SurrogateSHAP

Code repository for SurrogateSHAP: Training-Free Contributor Attribution for Text-to-Image (T2I) Models.

Overview

This repository provides a framework for data contributor attribution in generative models across three distinct settings: Class-Conditional Diffusion (DDPM on CIFAR-20), Latent Diffusion (Stable Diffusion on ArtBench), and Rectified Flow Transformers (FLUX.1-dev on Fashion-Product).

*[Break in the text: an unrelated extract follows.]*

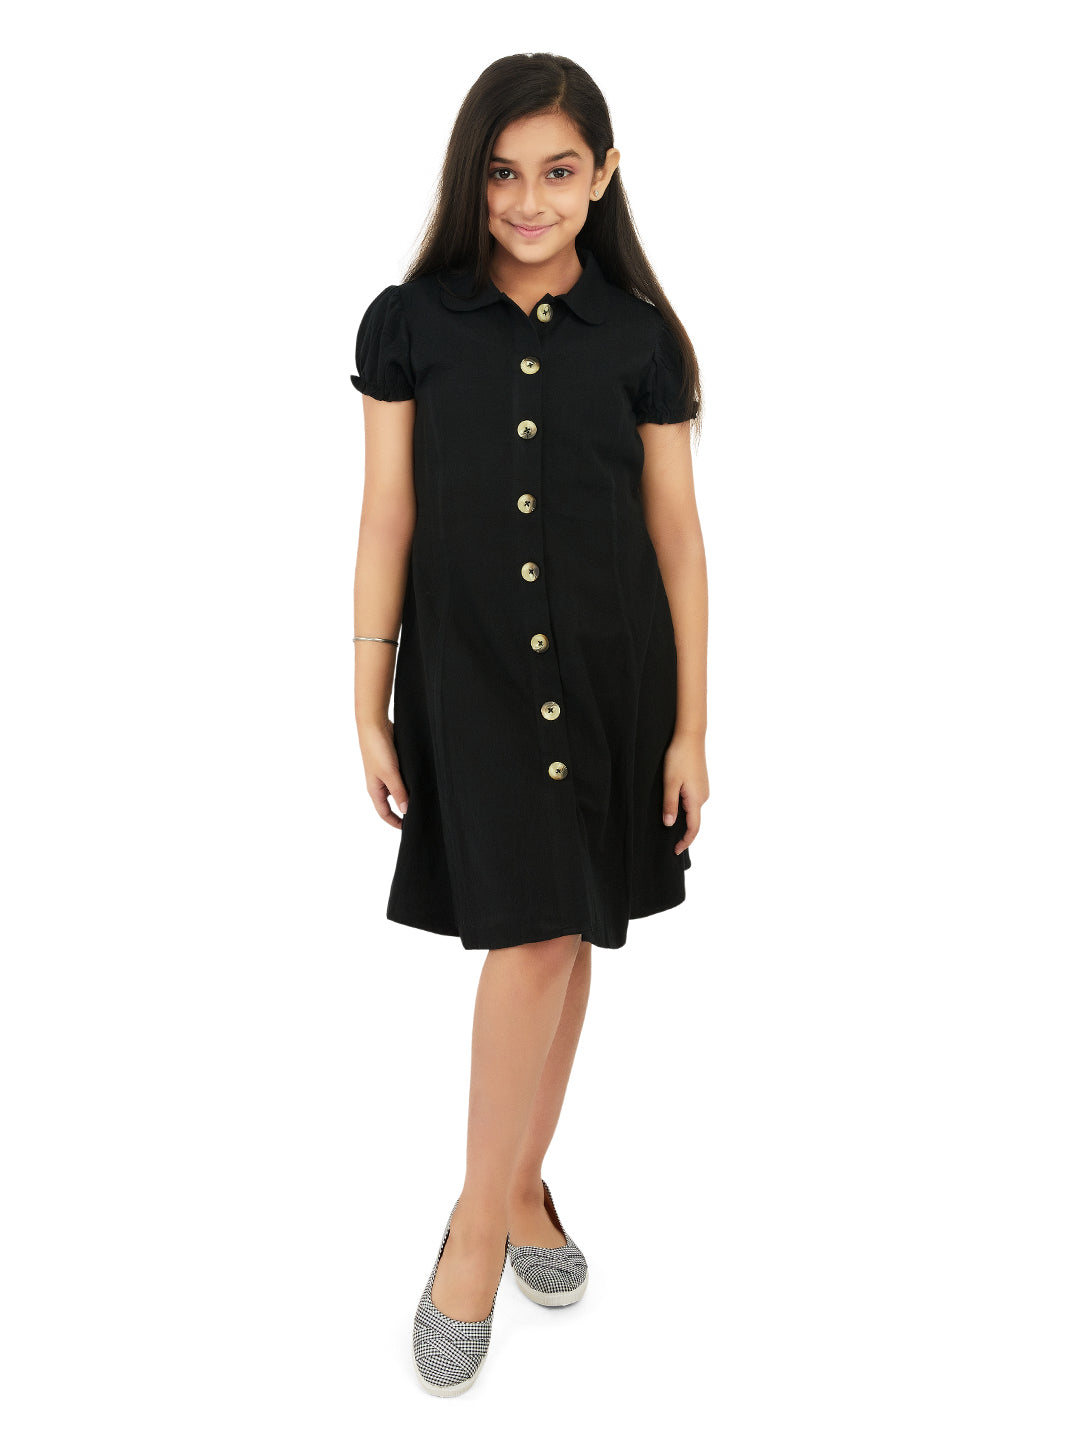 Olele® Bombay Black Cotton Linen Dress Tailored for 4 to 14 Years Girls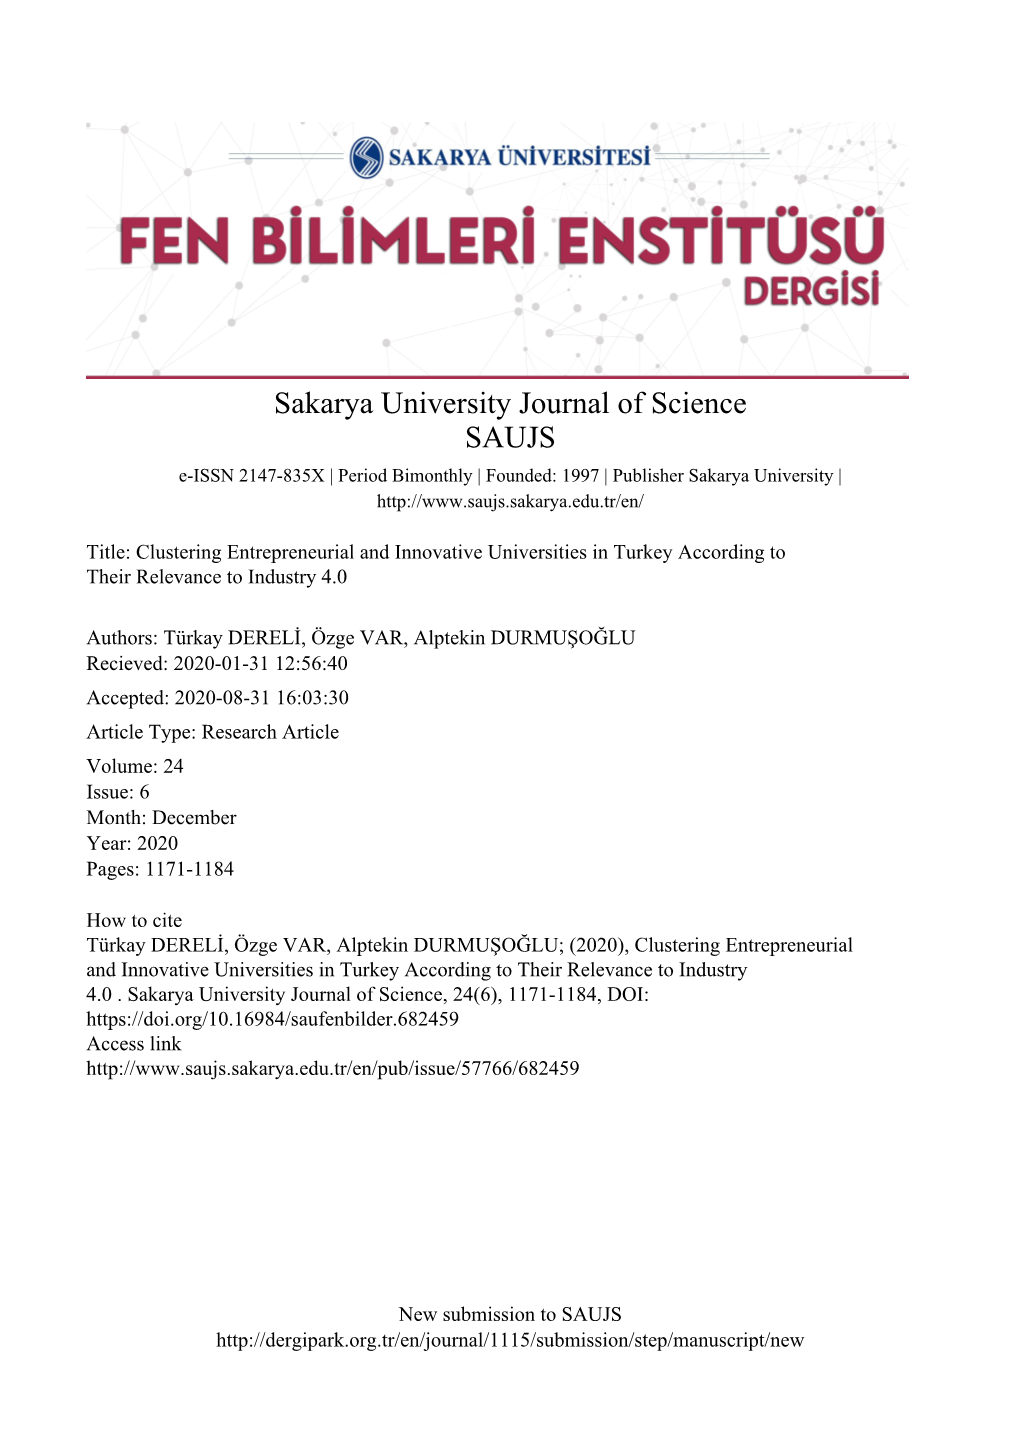 Clustering Entrepreneurial and Innovative Universities in Turkey According to Their Relevance to Industry 4.0

Given an observed model behavior (e.g., FID, IS, aesthetic score, mean lpips, and diversity), SurrogateSHAP helps identify which contributors most influence that behavior—efficiently.

Installation

pip install -r requirements.txt

Project Structure

cfg_att/
├── configs/
│   ├── ddim_config.py            # DDIM/DDPM configs
│   └── sd_config.py              # Stable Diffusion LoRA configs
|
├── src/
│   ├── models/                   # Model architectures
│   ├── attributions/
|   |   └──methods/               # Gradient computes for IF approximations, e.g. D-TRAK, TRAK, DAS, IF
|   |      └──shapley             # GBT fitting and SurrogateSHAP compute
│   ├── datasets.py               # Dataset loaders
│   └── utils.py                  # Utilities
|
├── cifar20/
│   ├── main.py                   # Train diffusion model
│   ├── compute_model_behavior.py # Model behavior evaluation (e.g., FID & IS)
│   ├── prune.py                  # Pruning steps for sFT
│   ├── unlearn.py                # Fine-tuning proxy (e.g., sFT)
│   └── compute_lds.py            # Compute LDS for methods for all methods, e.g. SurrogateSHAP and other baselines
|
├── text_to_image_sd/             # Stable Diffusion workflows
|   └──baselines/                 # code for baseline computation, e.g. clip similarity & pixel similarity
│   ├── train_text_to_image_lora.py # Train SD with LoRA
│   ├── compute_model_behavior.py # Model behavior evaluation (Aesthetic Score)
│   ├── prune_lora.py             # Pruning steps for sFT
│   ├── baseline_lds.py           # Compute LDS for baseline methods, e.g. LOO, D-TRAK, TRAK, DAS
│   └── compute_lds.py            # Compute LDS for methods based on Shapley value, e.g. SurrogateSHAP
|
├── text_to_image_flux/           # FLUX.1dev
|   ├──preprocess_product_data/   # Preprocessing steps for fashion-product dataset
|   └──baselines/                 # code for baseline computation, e.g. clip similarity & pixel similarity
│   ├── train_lora_flux.py.py     # Train SD with LoRA
│   ├── compute_fashion_metrics.py # Model behavior evaluation (LPIPS, Diversity)
│   ├── prune_lora.py             # Pruning steps for sFT
│   ├── baseline_lds.py           # Compute LDS for baseline methods, e.g. LOO, D-TRAK, TRAK, DAS
│   └── compute_lds.py            # Compute LDS for methods based on Shapley value, e.g. SurrogateSHAP
|
└── shapley_exp/                  # Synthetic experiments for SurrogateSHAP

Usage: CIFAR-20

1. Train a Diffusion Model

python cifar20/main.py \
  --dataset cifar20 \
  --method retrain \
  --opt_seed 42 \
  --outdir ./outputs

2. Compute Model Behavior

Evaluate subsets to compute model behaviors (FID & Inception Score):

python cifar20/compute_model_behavior.py \
  --dataset cifar20 \
  --ckpt_path ./outputs/full/models \
  --removal_dist shapley \
  --removal_idx 0

3. Compute Attribution Scores with Linear Datamodel Score (LDS)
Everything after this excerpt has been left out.